Mary spotted the waitress with the coldsore. She was on the aisle about four rows down, now dressed in a light-gray blouse and cotton skirt. She had thrown a sweater over her shoulders. "There," Mary said, "beside her." Clark led her in that direction without question or objection.

The waitress looked around at Mary and Clark, and Mary saw that her eyes had at least settled down tonight, which was something of a relief. A moment later she realized why: the girl was cataclysmically stoned. Mary looked down, not wanting to meet that dusty stare any longer, and when she did, she saw that the waitress's left hand was wrapped in a bulky white bandage. Mary realized with horror that at least one finger and perhaps two were gone from the girl's hand.
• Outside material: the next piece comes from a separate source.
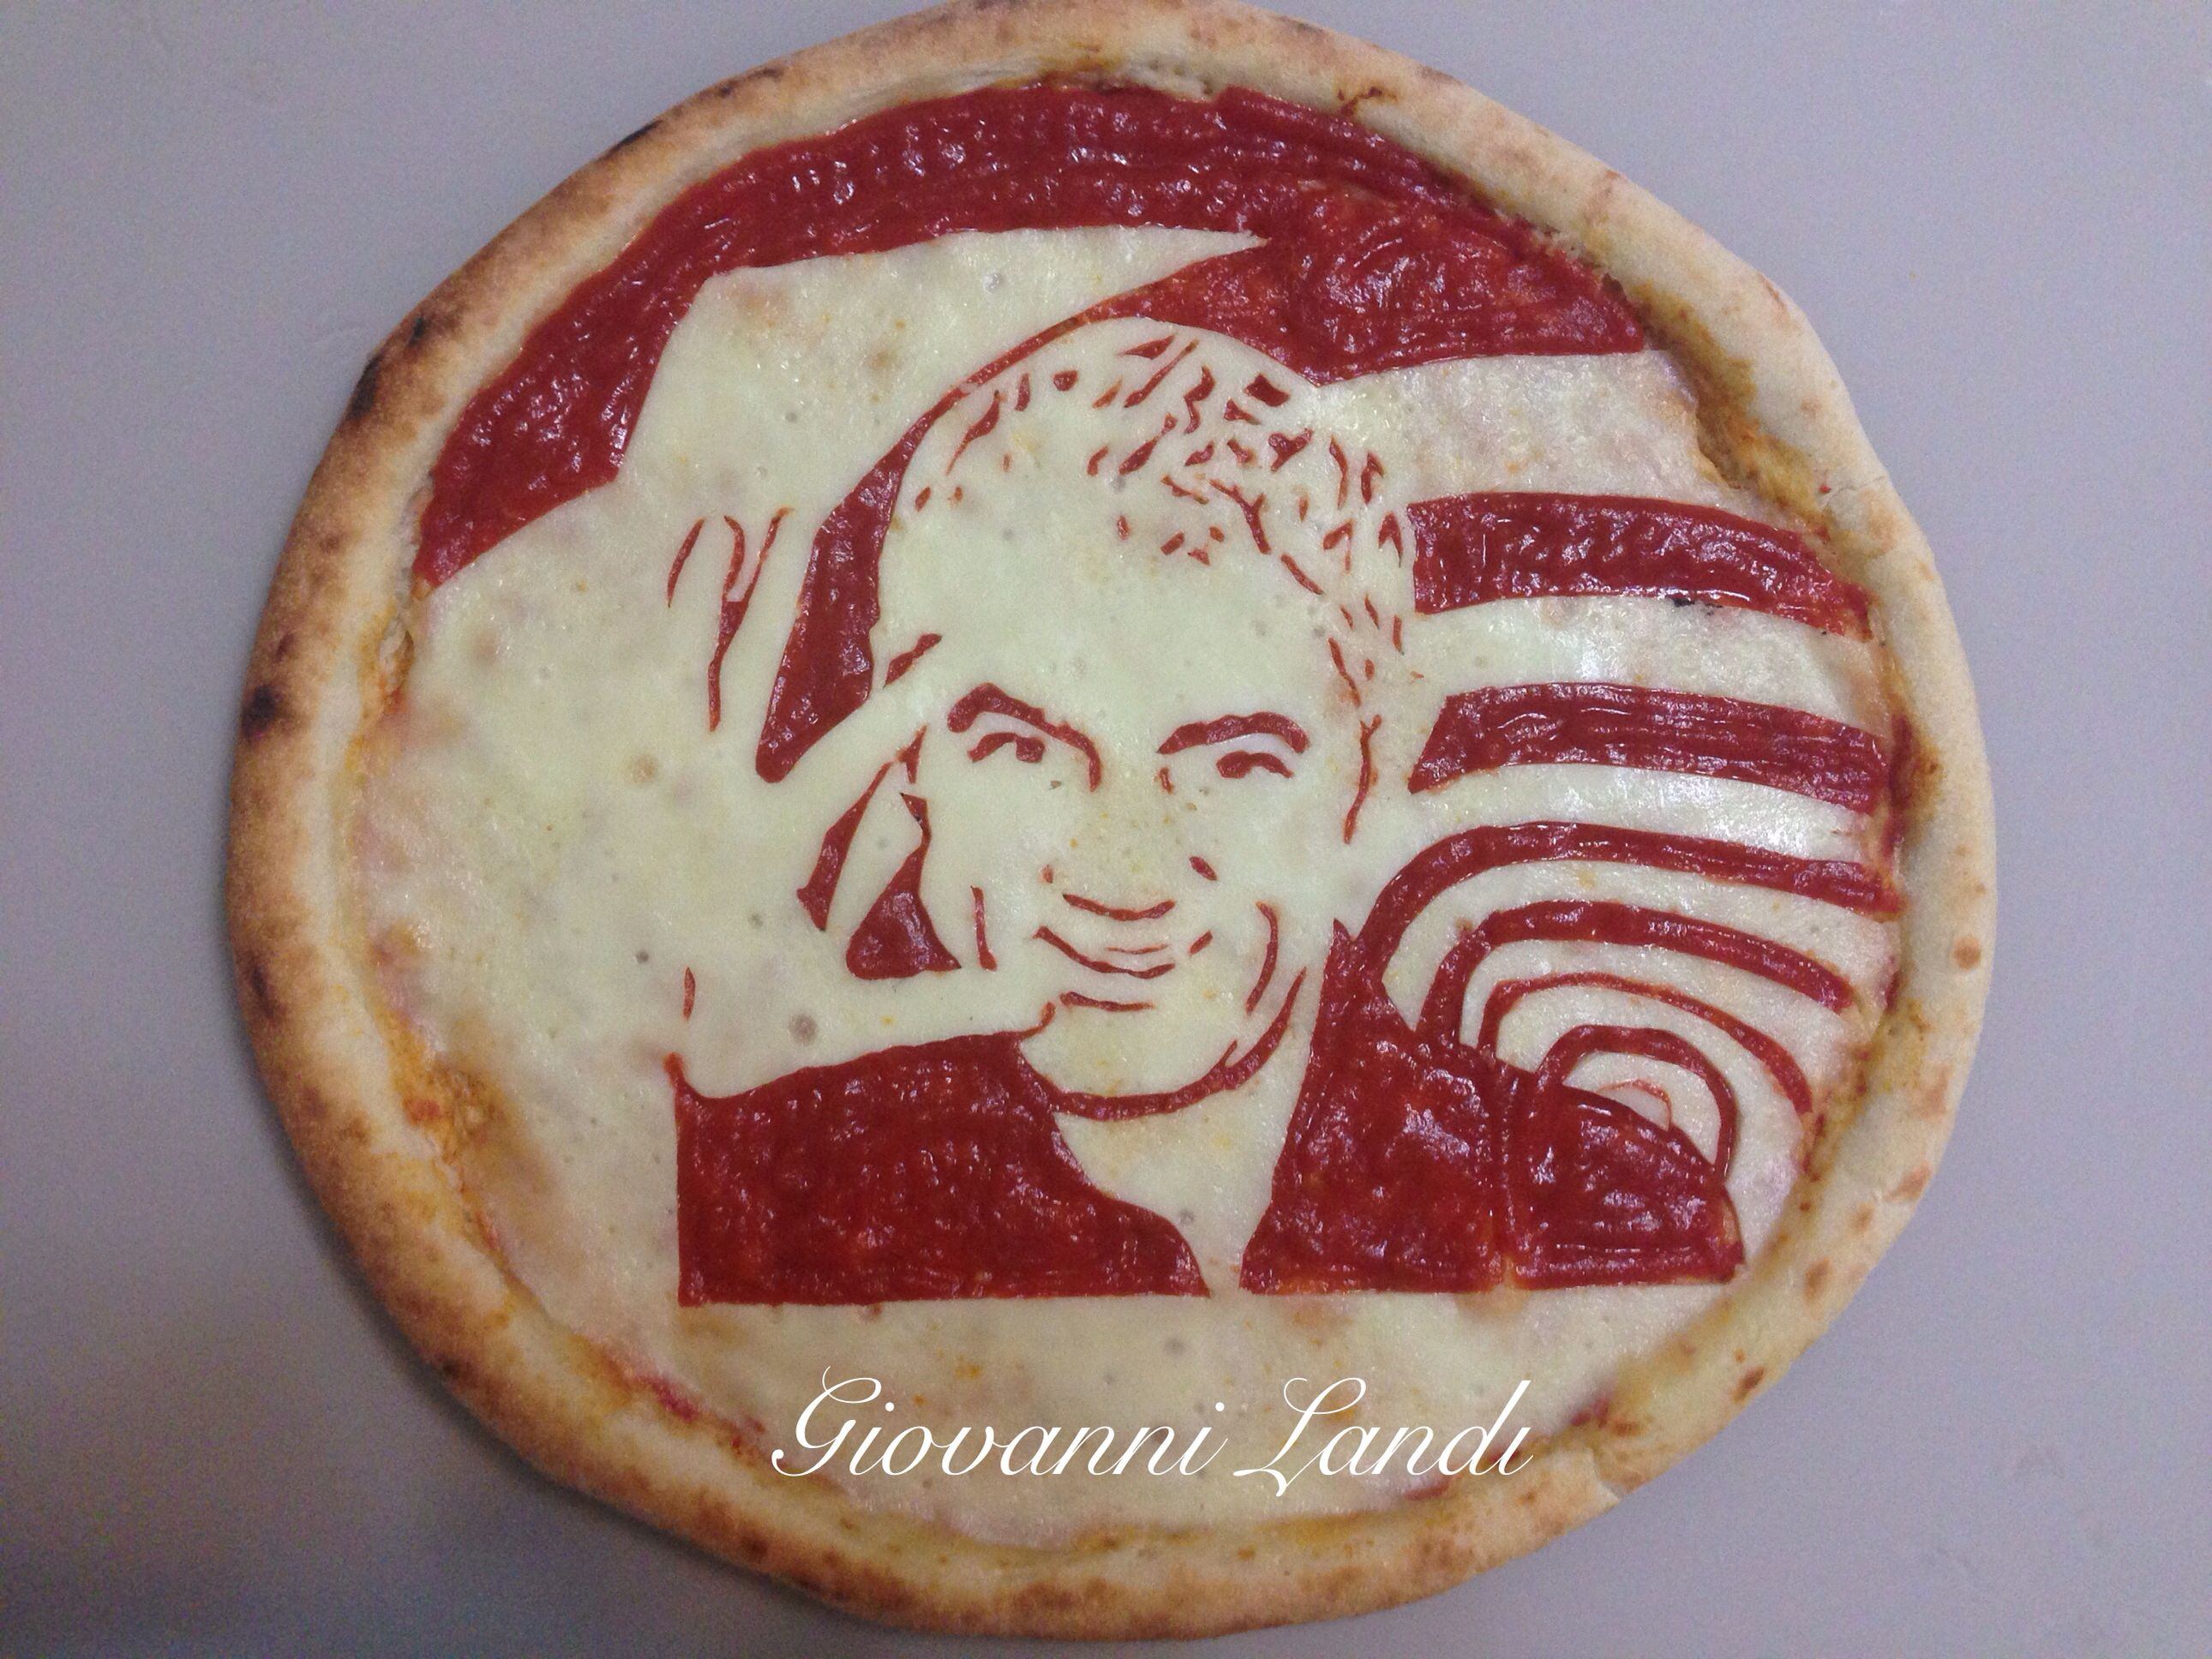 Giovanni Landi PizzArte pizza Biagio Izzo | Food art, Food ...

"Hi," the girl said. "I'm Sissy Thomas."

"Hello, Sissy. I'm Mary Willmgham. This is my husband, Clark."

"Pleased to meet you," the waitress said.

"Your hand..." Mary trailed off, not sure how to go on.
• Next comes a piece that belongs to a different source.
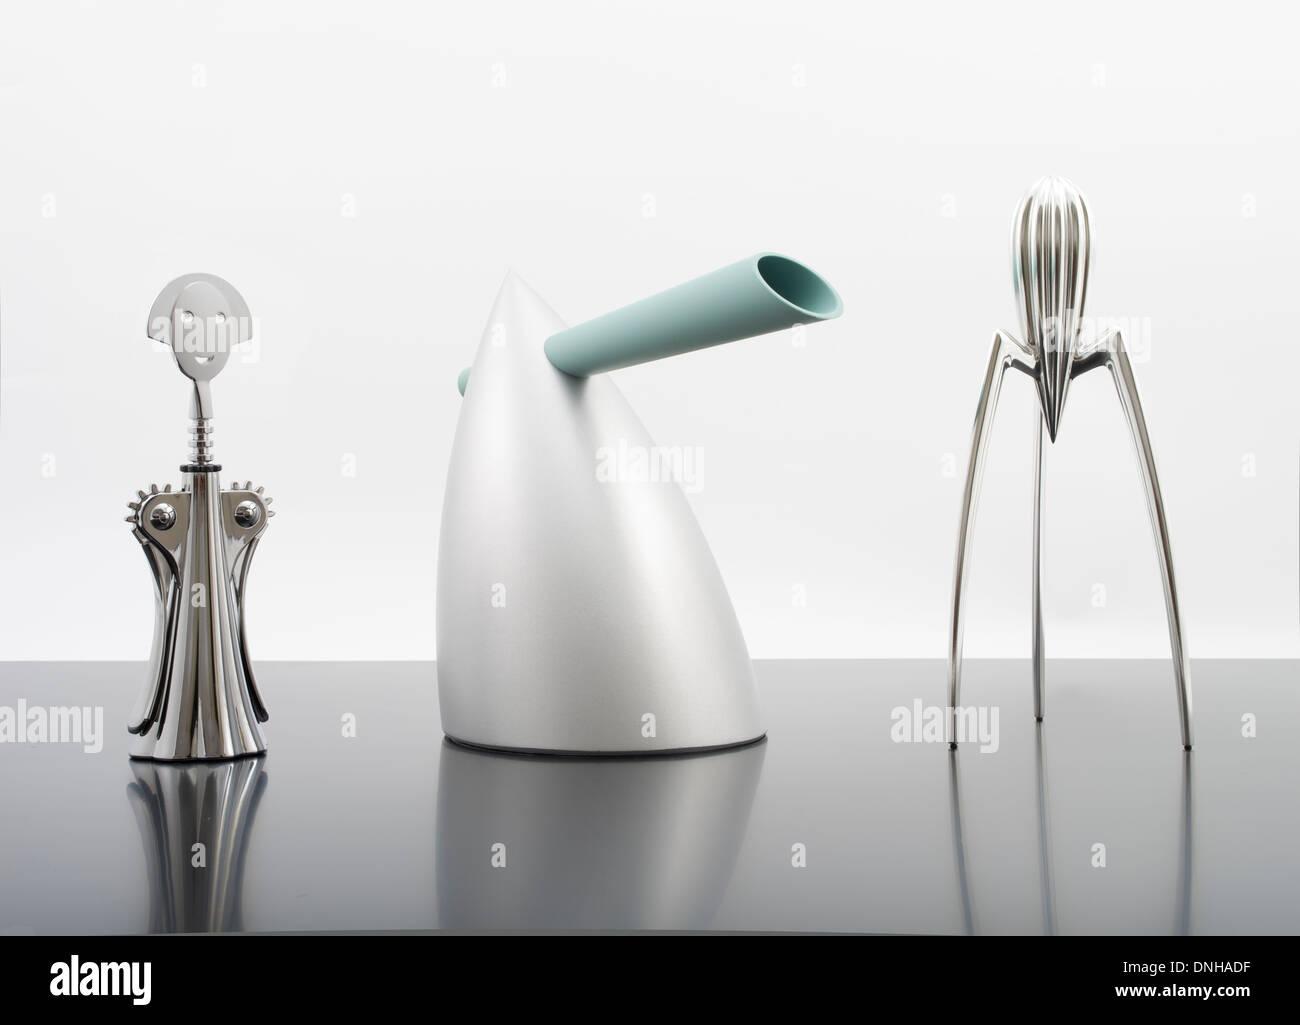 anna g corkscrew hot bertaa water kettle alessi juicy salif stock photo royalty free image. Black Bedroom Furniture Sets. Home Design Ideas

"Frankie did it." Sissy spoke with the deep indifference of one who is riding the pink horse down Dream Street. "Frankie Lymon. Everyone says he was the sweetest guy you'd ever want to meet when he was alive and he only turned mean when he came here. He was one of the first ones... the pioneers, I guess you'd say. I don't know about that. If he was sweet before, I mean. I only know he's meaner than cat-dirt now. I don't care. I only wish you'd gotten away, and I'd do it again. Besides, Crystal takes care of me."

Sissy nodded toward the nurse, who had stopped looking at the stars and was now looking at them.
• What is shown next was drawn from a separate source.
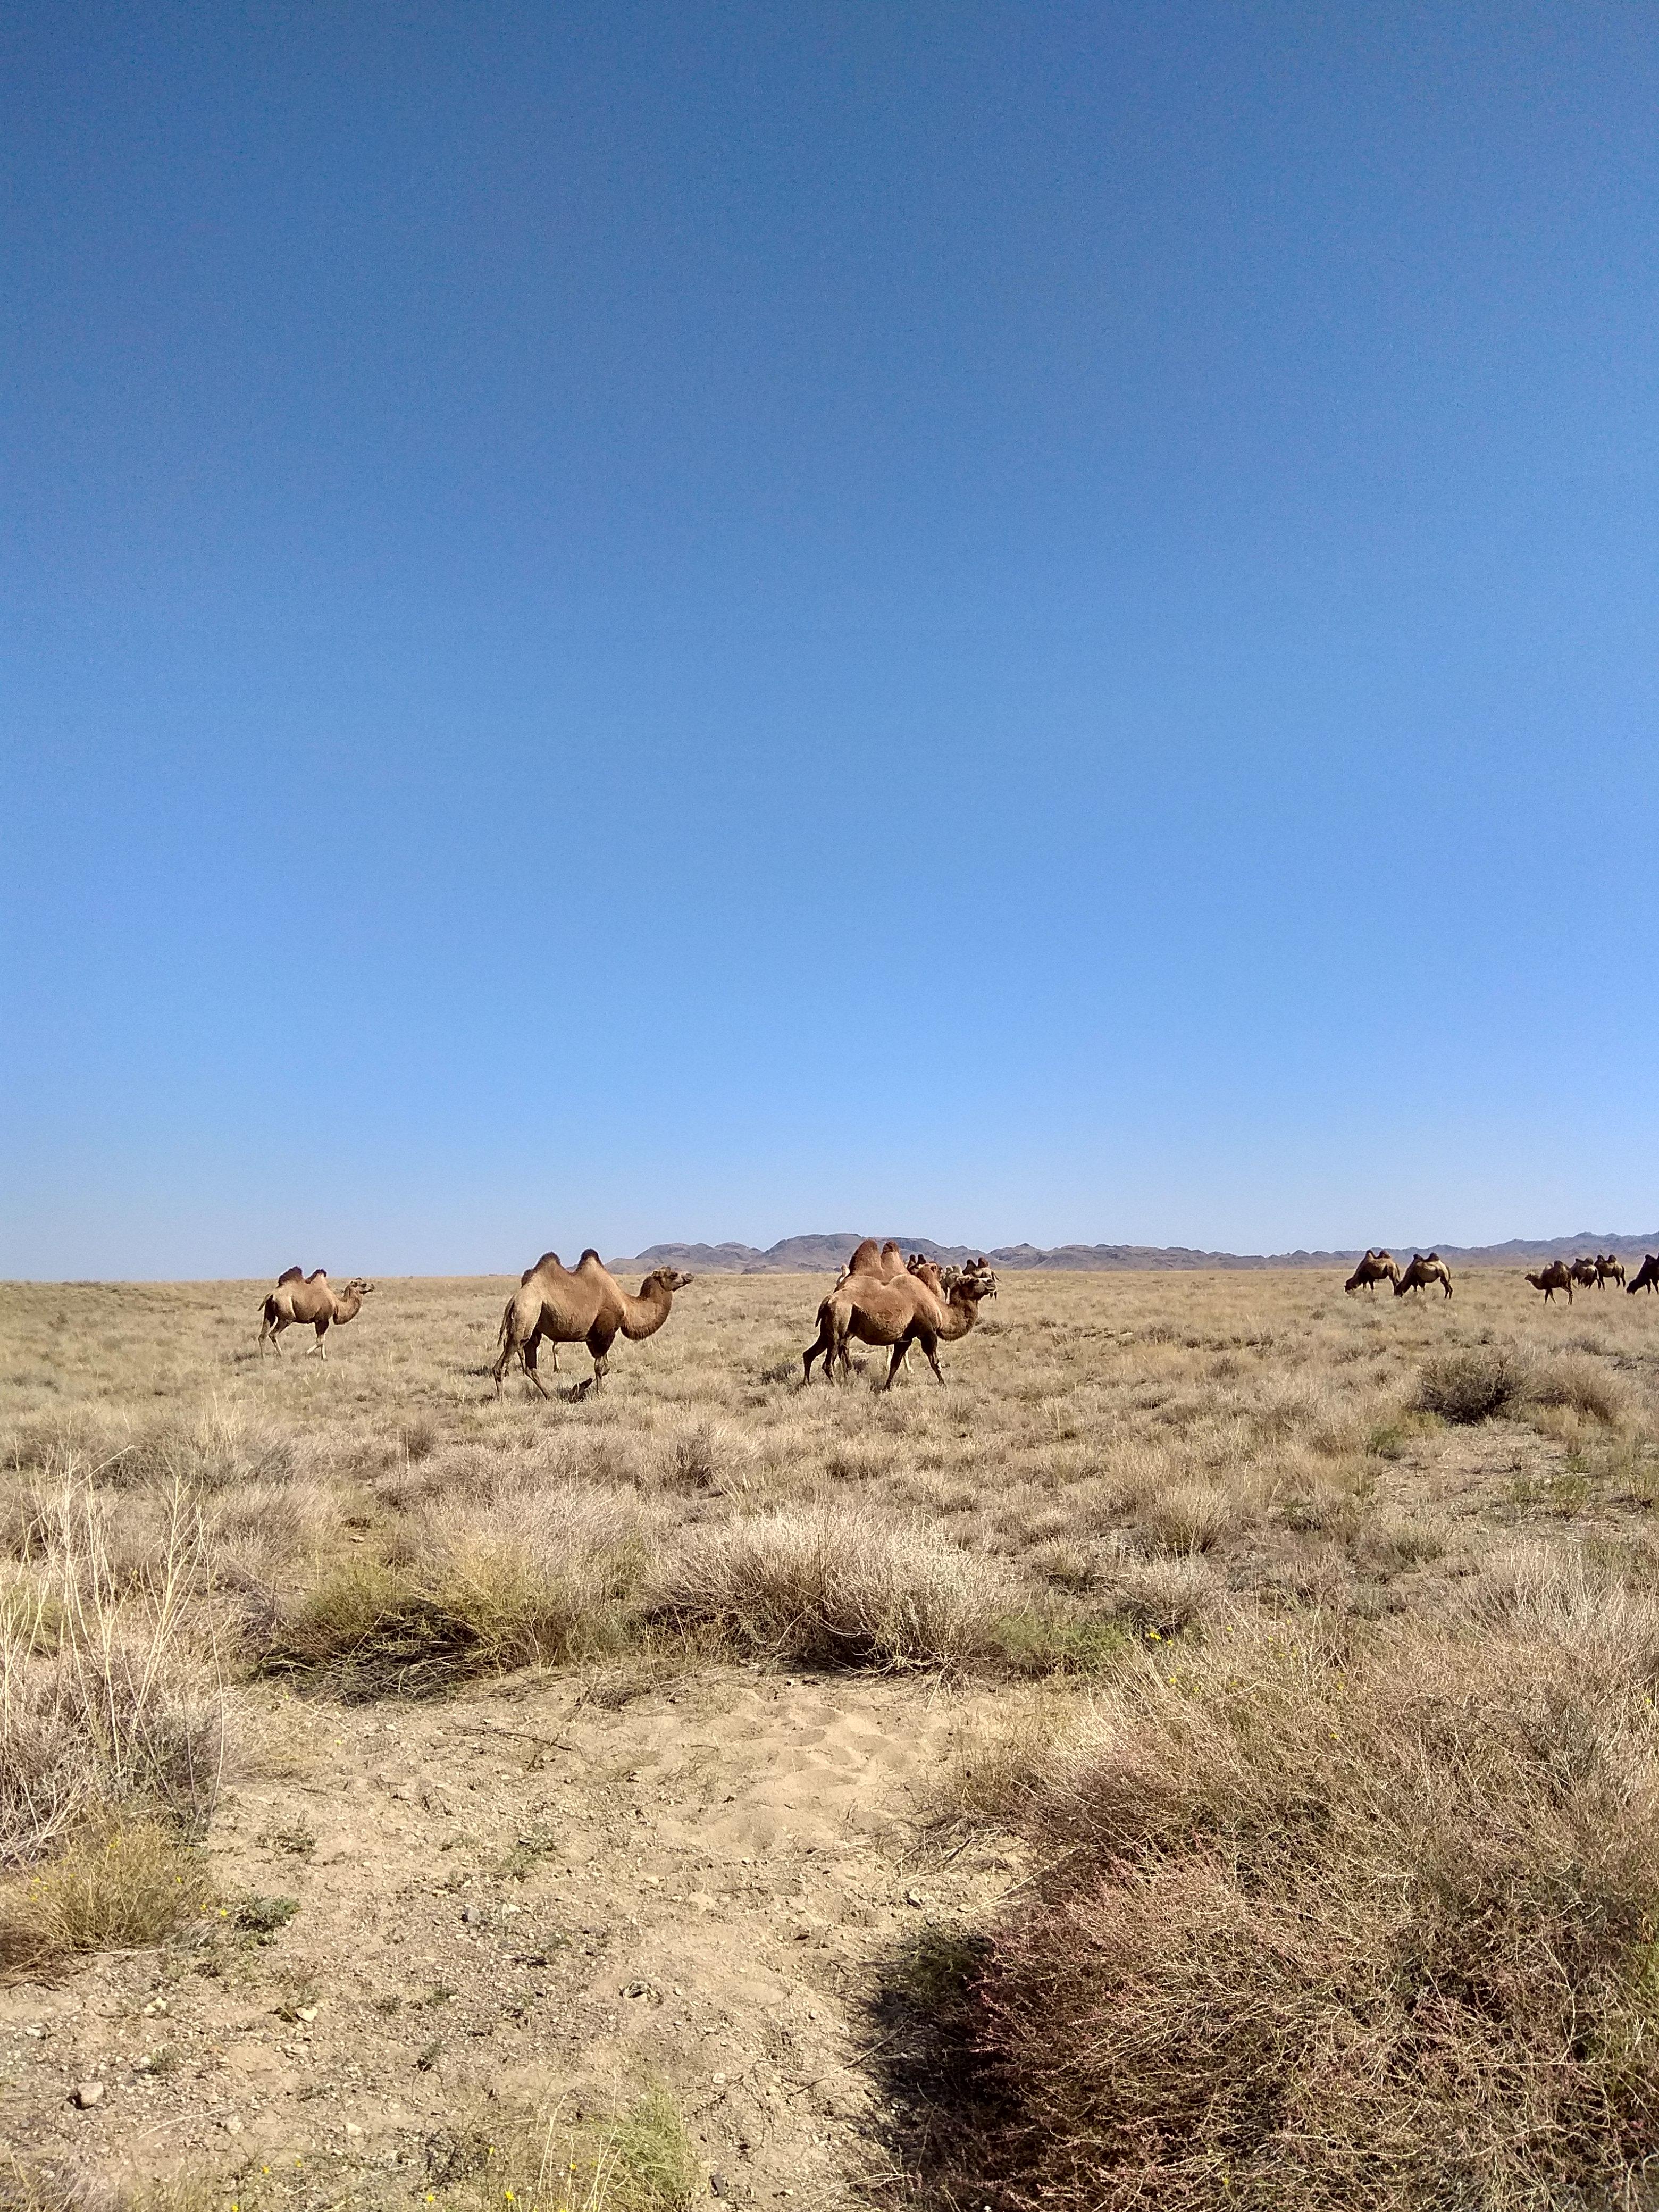 Camels in Altyn Emel National Park, Kazakhstan

"Crystal takes real good care. She'll fix you up, if you want -- you don't need to lose no fingers to want to get stoned in this town."

"My wife and I don't use drugs," Clark said, sounding , pompous.

Sissy regarded him without speaking for a few moments. Then "she said, "You will."

"When does the show start?" Mary could feel the cocoon of shock starting to dissolve, and she didn't much care for the feeling.

"Soon."

"How long do they go on?"

Sissy didn't answer for nearly a minute, and Mary was getting ready to restate the question, thinking the girl either hadn't heard or hadn't understood, when she said: "A long time. I mean, the show will be over by midnight, they always are, it's a town ordinance, but still... they go on a long time. Because time is different here. It might be... oh, I dunno... I think when the guys really get cooking, they sometimes go on for a year or more."

A cold gray frost began creeping up Mary's arms and back. She tried to imagine having to sit through a year-long rock show and couldn't do it. This is a dream and you'll wake up, she told herself, but that thought, persuasive enough as they stood listening to Elvis Presley in the sunlight by The Magic Bus, was now losing a lot of its force and believability.

"Drivin out this road here wouldn't do you no good no how," Elvis had told them. "It don't go no place but Umpqua Swamp. No roads in there, just a lot of polk salad. And quicksand." He had paused then, the lenses of his shades glittering like dark furnaces in the late-afternoon sun. "And other things."

"Bears," the policeman who might be Otis Redding had volunteered from behind them.

"Bears, yep," Elvis agreed, and then his lips had curled up in the too-knowing smile Mary remembered so well from TV and the movies. "And other things."

Mary had begun: "If we stay for the show..."

Elvis nodded emphatically. "The show! Oh yeah, you gotta stay for the show! We really rock. You just see if we don't."

"Ain't nothin' but a stone fact," the policeman had added.

"If we stay for the show... can we go when it's over?"

Elvis and the cop had exchanged a glance that had looked serious but felt like a smile. "Well, you know, ma'am," the erstwhile King of Rock and Roll said at last, "we're real far out in the boonies here, and attractin' an audience is kinda slow work... although once they hear us, everybody stays around for more... and we was kinda hopin' you'd stick around yourselves for awhile. See a few shows and kind of enjoy our hospitality." He had pushed his sunglasses up on his forehead then, for a moment revealing wrinkled, empty eyesockets. Then they were Elvis's dark-blue eyes again, regarding them with somber interest.